Первое размышление: представление, подчиненное закону основания: объект опыта и науки




§ 1

 

«Мир есть мое представление» – вот истина, которая имеет силу для каждого живого и познающего существа, хотя только человек может возводить ее до рефлективно‑абстрактного сознания; и если он действительно это делает, то у него зарождается философский взгляд на вещи.

 

Рефлективно‑абстрактное сознание, по Шопенгауэру, – фиксация в понятийно‑абстрактной форме того, что познано на основе непосредственного чувственного опыта.

 

Для него становится тогда ясным и несомненным, что он не знает ни солнца, ни земли, а знает только глаз, который видит солнце, руку, которая осязает землю; что окружающий его мир существует лишь как представление, т. е. исключительно по отношению к другому, к представляющему, каковым является сам человек. Если какая‑нибудь истина может быть высказана a priori, то именно эта, ибо она – выражение той формы всякого возможного и мыслимого опыта, которая имеет более всеобщий характер, чем все другие, чем время, пространство и причинность: ведь все они уже предполагают ее, и если каждая из этих форм, в которых мы признали отдельные виды закона основания, имеет значение лишь для отдельного класса представлений, то, наоборот, распадение на объект и субъект служит общей формой для всех этих классов, той формой, в которой одной вообще только возможно и мыслимо всякое представление, какого бы рода оно ни было, – абстрактное или интуитивное, чистое или эмпирическое. Итак, нет истины более несомненной, более независимой от всех других, менее нуждающихся в доказательстве, чем та, что все существующее для познания, т. е. весь этот мир, является только объектом по отношению к субъекту, созерцанием для созерцающего, короче говоря, представлением. Естественно, это относится и к настоящему, и ко всякому прошлому, и ко всякому будущему, относится и к самому отдаленному, и к близкому: ибо это распространяется на самое время и пространство, в которых только и находятся все эти различия.

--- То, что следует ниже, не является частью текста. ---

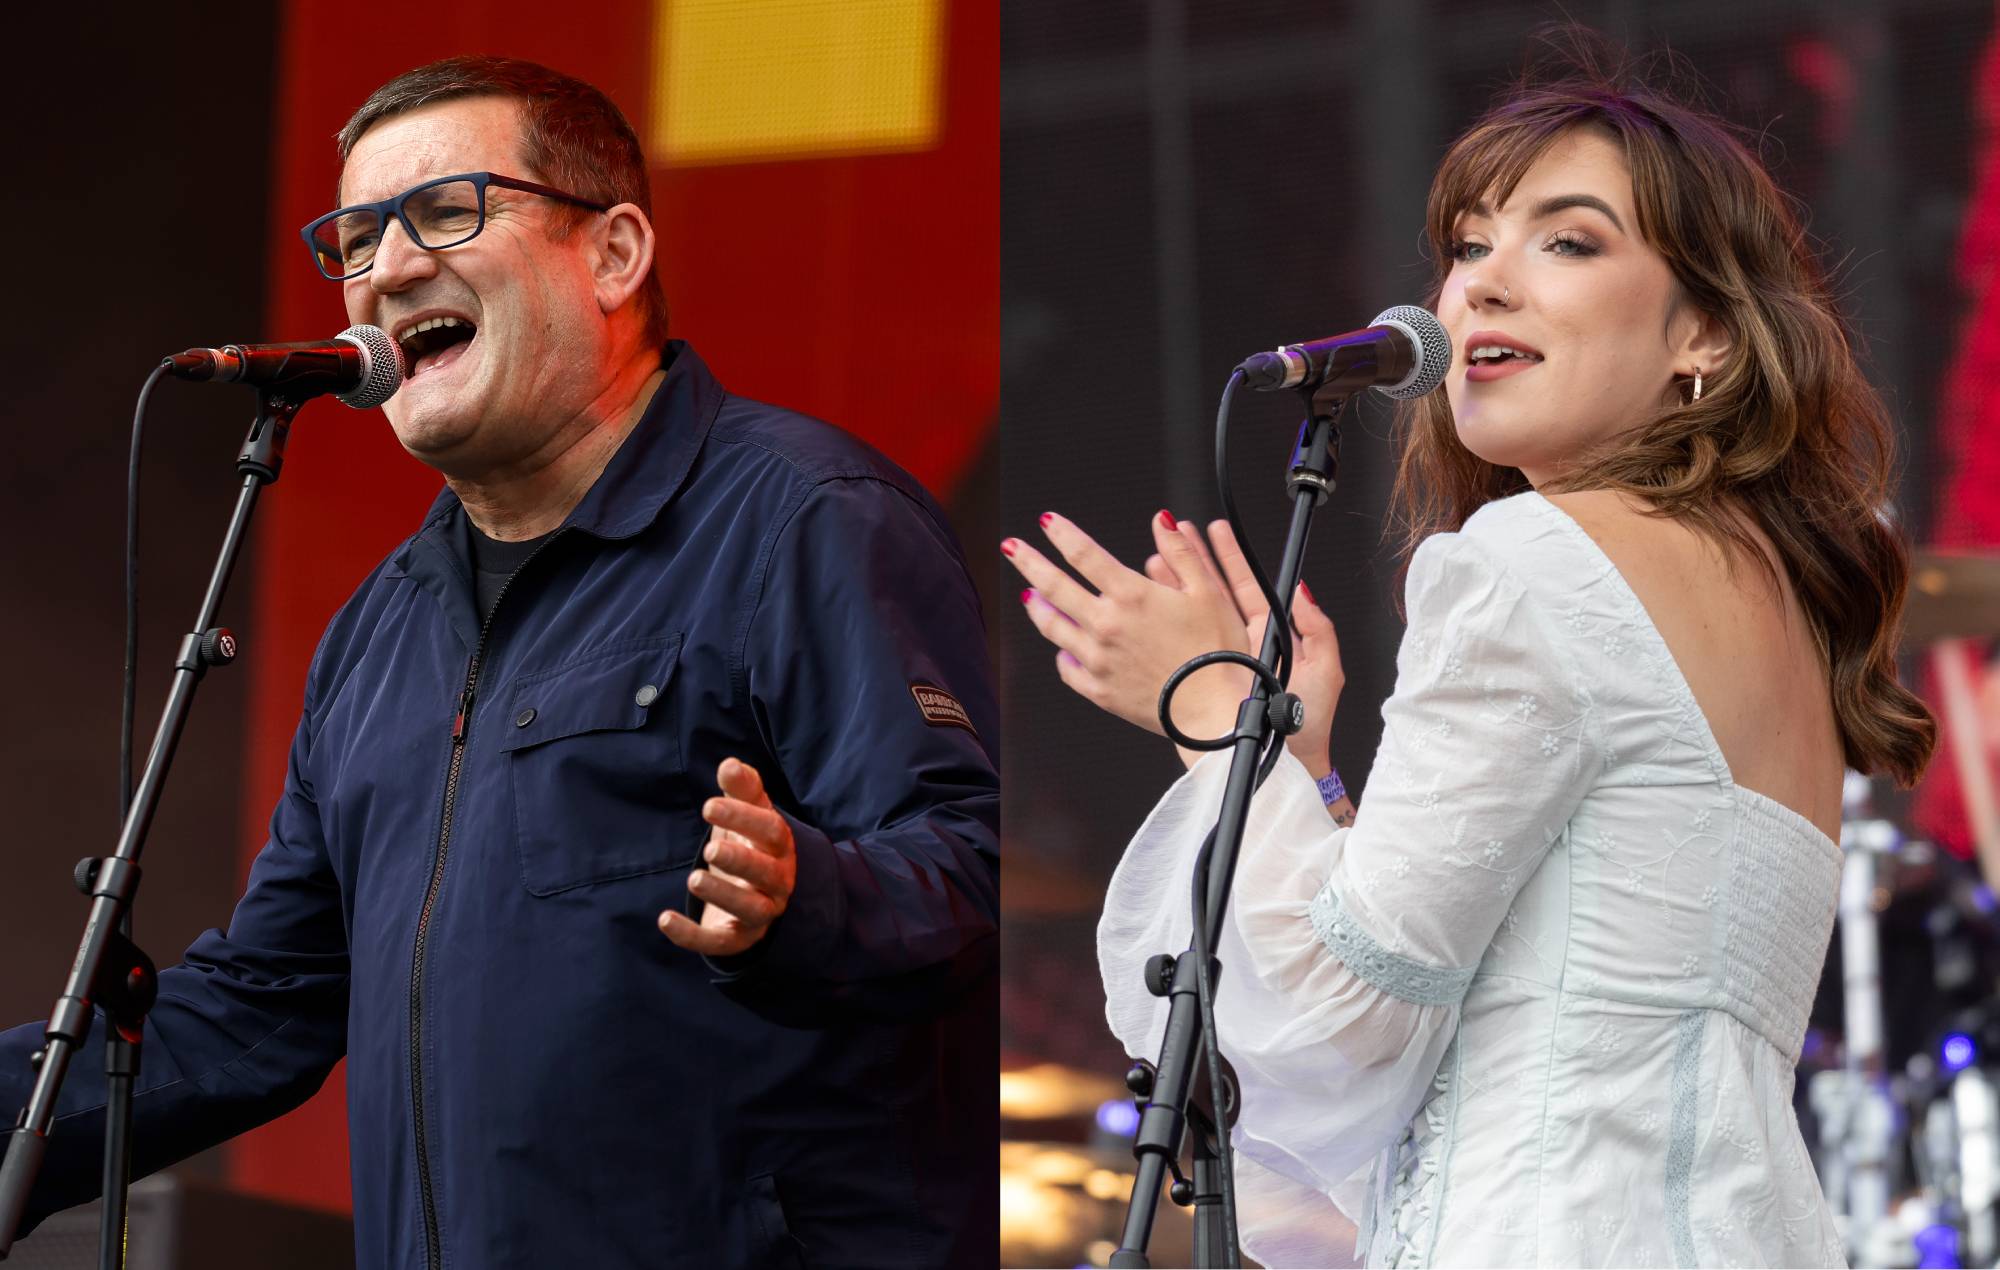 Rianne Downey joins Paul Heaton on stage at Glastonbury

Все, что принадлежит и может принадлежать миру, неизбежно отмечено печатью этой обусловленности субъектом и существует только для субъекта. Мир есть представление.

 

§ 2

 

Итак, мир как представление – только в этом отношении мы его здесь и рассматриваем – имеет две существенные и неделимые половины. Первая из них – объект: его формой служат пространство и время, а через них множественность. Другая же половина, субъект, лежит вне пространства и времени: ибо она вполне и нераздельно находится в каждом представляющем существе. Поэтому одно‑единственное из них восполняет объектом мир как представление с той же целостностью, что и миллионы имеющихся таких существ; но если бы исчезло и его единственное существо, то не стало бы и мира как представления. Эти половины, таким образом, неразделимы даже для мысли, ибо каждая из них имеет значение и бытие только через другую и для другой, существует и исчезает вместе с нею. Они непосредственно ограничивают одна другую: где начинается объект, кончается субъект. Общность этой границы обнаруживается именно в том, что существенные и поэтому всеобщие формы всякого объекта, каковы время, пространство и причинность, мы можем находить и вполне познавать, и не познавая самого объекта, а исходя из одного субъекта, т. е., говоря языком Канта, они a priori лежат в нашем сознании. Открытие этого составляет главную заслугу Канта, и притом очень большую. Я же сверх того утверждаю, что закон основания – общее выражение для всех этих a priori известных нам форм объекта, и потому все, познаваемое нами чисто a priori, и есть не что иное, как именно содержание этого закона и вытекающие из него следствия; таким образом, в нем выражено все наше a priori достоверного познания.

 

Термин кантовской философии a priori (из предшествующего,лат.)означает знание, предшествующее опыту и независимое от него; в широком смысле – все, что относится к условиям возможности познания, его формальным предпосылкам (формам активности самого субъекта): априорные формы чувственности – пространство и время, категории рассудка – субстанция, причинность и т. д. (см. также комментарий к параграфам первой книги «Мир как воля и представление» в данном издании).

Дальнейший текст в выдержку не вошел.